Crude oil prices trimmed higher Thursday, supported by continued confidence by a group of top producers in growing oil demand in the second half of the year.
By 9:35 AM ET (1335 GMT), U.S. crude was higher 0.8% at $70.53 a barrel, extending to the firm after finishing over $70 earlier this week for the first time after October 2018. Brent was higher 0.9% at $72.84, near a two-year high.
U.S. Gasoline RBOB Futures were higher 1% at $2.2238 a gallon.
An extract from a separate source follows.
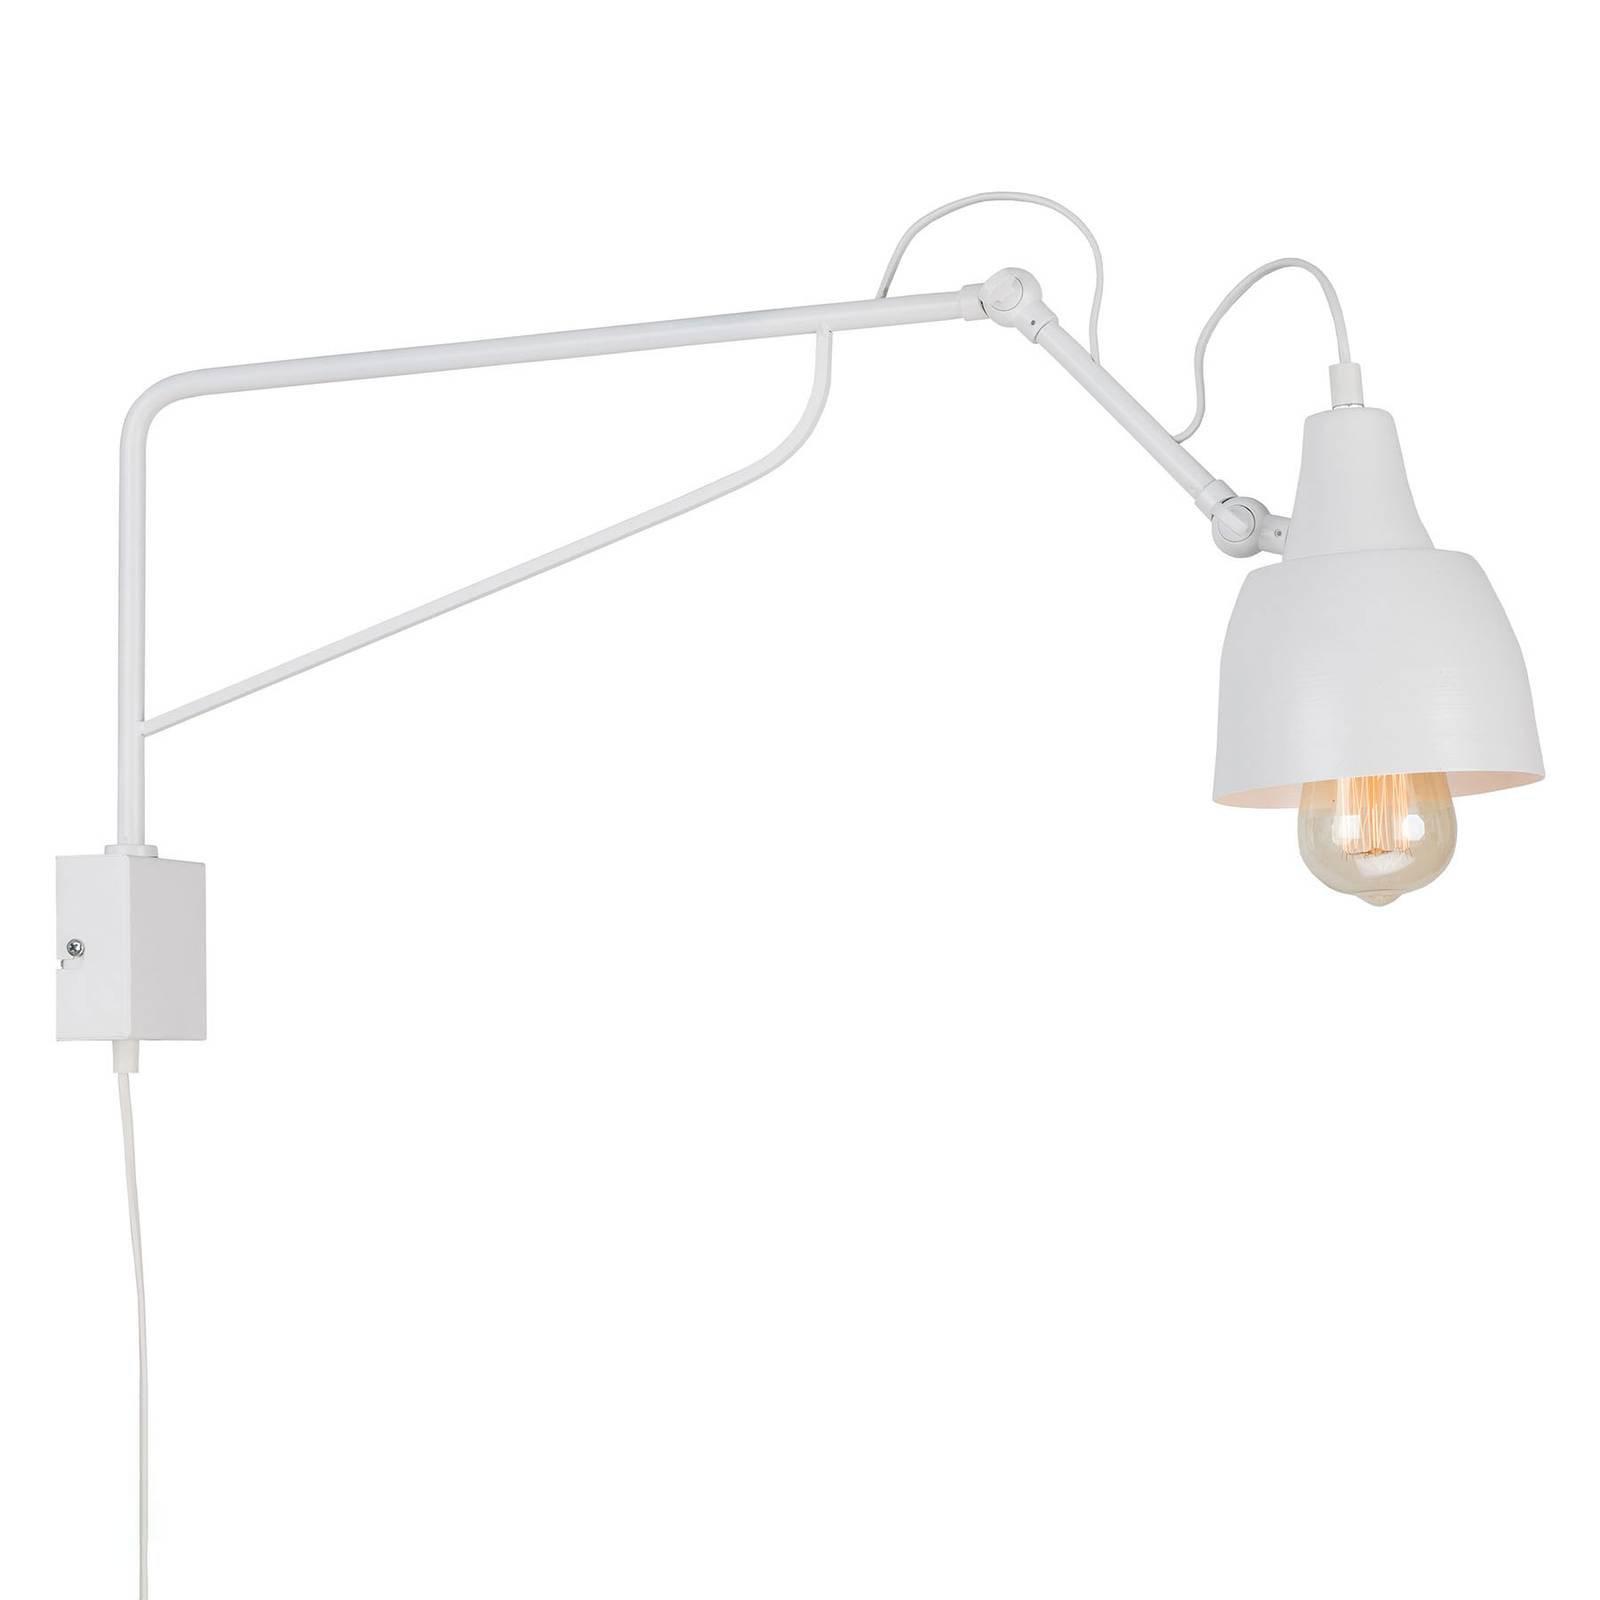 1002 vegglampe med plugg, 1 lyskilde, hvit
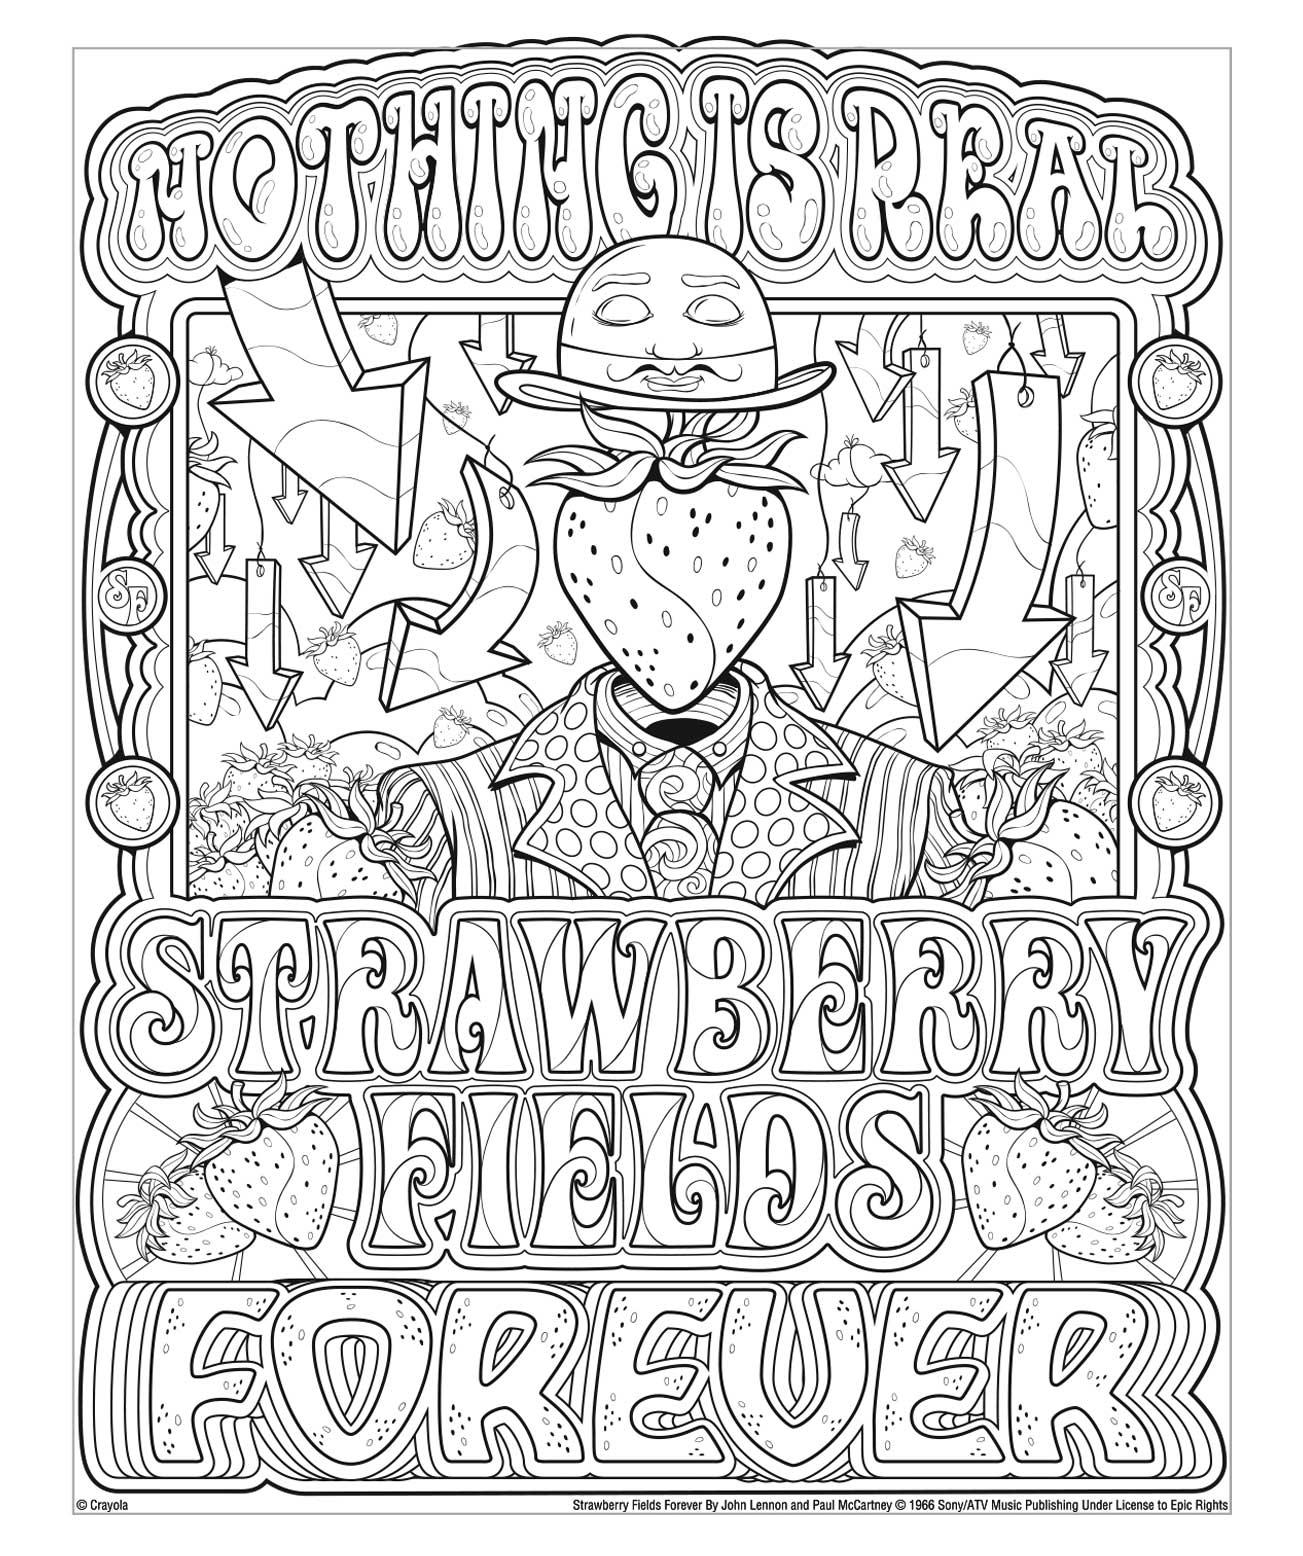 Lennon And McCartney Strawberry Fields Crayola.com

The Organization of the Petroleum Exporting Countries held to its estimate a strong recovery in global oil demand in the second half of 2021, driven by the United States and China.
In its monthly report, published earlier Thursday, the group stated demand would increase by 6.6% or 5.95 million barrels per day this year, maintained for a second continuous month, notwithstanding a slower-than-expected recovery in the first half of this year.
Global economic improvement has been postponed due to the resurgence of coronavirus infections and renewed lockdowns in essential economies, including the Eurozone, Japan, and India, OPEC stated in its monthly report.
The overall market had given vulnerability earlier Thursday, before the announcement of the OPEC report, following the publicity of disappointing U.S. gasoline inventory numbers Wednesday.
Crude oil supply data from the U.S. Energy Information Administration revealed a draw, for the third continuous week, of just over 5 million barrels. However, gasoline inventories improved after April 2020, climbing by more than 7 million barrels for a second weekly gain.
This points to weaker-than-expected fuel demand at the origin of the U.S. summer, the country’s peak season for motoring.
Also pressing was the news that fuel demand in India, the world’s third-largest oil customer, sank in May to its weakest after August last year, as a second coronavirus wave muted economic activity.